Excerpts from a dataset
= Beginning of Section =

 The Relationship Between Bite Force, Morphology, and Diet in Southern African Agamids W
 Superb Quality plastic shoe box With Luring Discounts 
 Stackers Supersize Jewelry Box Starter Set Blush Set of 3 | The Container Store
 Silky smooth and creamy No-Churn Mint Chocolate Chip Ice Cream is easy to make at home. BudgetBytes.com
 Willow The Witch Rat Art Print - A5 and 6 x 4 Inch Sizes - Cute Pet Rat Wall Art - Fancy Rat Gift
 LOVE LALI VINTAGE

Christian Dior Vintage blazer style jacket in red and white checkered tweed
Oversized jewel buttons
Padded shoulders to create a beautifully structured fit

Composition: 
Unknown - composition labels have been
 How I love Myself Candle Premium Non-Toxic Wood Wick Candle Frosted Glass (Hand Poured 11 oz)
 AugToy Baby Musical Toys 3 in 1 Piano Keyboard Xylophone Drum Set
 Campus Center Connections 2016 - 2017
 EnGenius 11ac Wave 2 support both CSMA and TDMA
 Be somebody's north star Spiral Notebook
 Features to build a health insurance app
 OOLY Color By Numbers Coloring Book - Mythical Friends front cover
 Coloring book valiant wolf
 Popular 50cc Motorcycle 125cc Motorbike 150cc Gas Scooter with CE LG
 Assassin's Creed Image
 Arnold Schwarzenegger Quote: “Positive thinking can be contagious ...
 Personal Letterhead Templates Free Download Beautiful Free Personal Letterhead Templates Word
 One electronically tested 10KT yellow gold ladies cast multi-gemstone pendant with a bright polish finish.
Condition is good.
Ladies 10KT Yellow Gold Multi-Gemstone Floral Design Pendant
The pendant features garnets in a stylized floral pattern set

= End of Section =

▶ _DESCRIPTION OF THE TASK_: Taking care to match every character, output all of the entries above.

▶ _RESULT OF THIS TASK_:
 The Relationship Between Bite Force, Morphology, and Diet in Southern African Agamids W
 Superb Quality plastic shoe box With Luring Discounts 
 Stackers Supersize Jewelry Box Starter Set Blush Set of 3 | The Container Store
 Silky smooth and creamy No-Churn Mint Chocolate Chip Ice Cream is easy to make at home. BudgetBytes.com
 Willow The Witch Rat Art Print - A5 and 6 x 4 Inch Sizes - Cute Pet Rat Wall Art - Fancy Rat Gift
 LOVE LALI VINTAGE

Christian Dior Vintage blazer style jacket in red and white checkered tweed
Oversized jewel buttons
Padded shoulders to create a beautifully structured fit

Composition: 
Unknown - composition labels have been
 How I love Myself Candle Premium Non-Toxic Wood Wick Candle Frosted Glass (Hand Poured 11 oz)
 AugToy Baby Musical Toys 3 in 1 Piano Keyboard Xylophone Drum Set
 Campus Center Connections 2016 - 2017
 EnGenius 11ac Wave 2 support both CSMA and TDMA
 Be somebody's north star Spiral Notebook
 Features to build a health insurance app
 OOLY Color By Numbers Coloring Book - Mythical Friends front cover
 Coloring book valiant wolf
 Popular 50cc Motorcycle 125cc Motorbike 150cc Gas Scooter with CE LG
 Assassin's Creed Image
 Arnold Schwarzenegger Quote: “Positive thinking can be contagious ...
 Personal Letterhead Templates Free Download Beautiful Free Personal Letterhead Templates Word
 One electronically tested 10KT yellow gold ladies cast multi-gemstone pendant with a bright polish finish.
Condition is good.
Ladies 10KT Yellow Gold Multi-Gemstone Floral Design Pendant
The pendant features garnets in a stylized floral pattern set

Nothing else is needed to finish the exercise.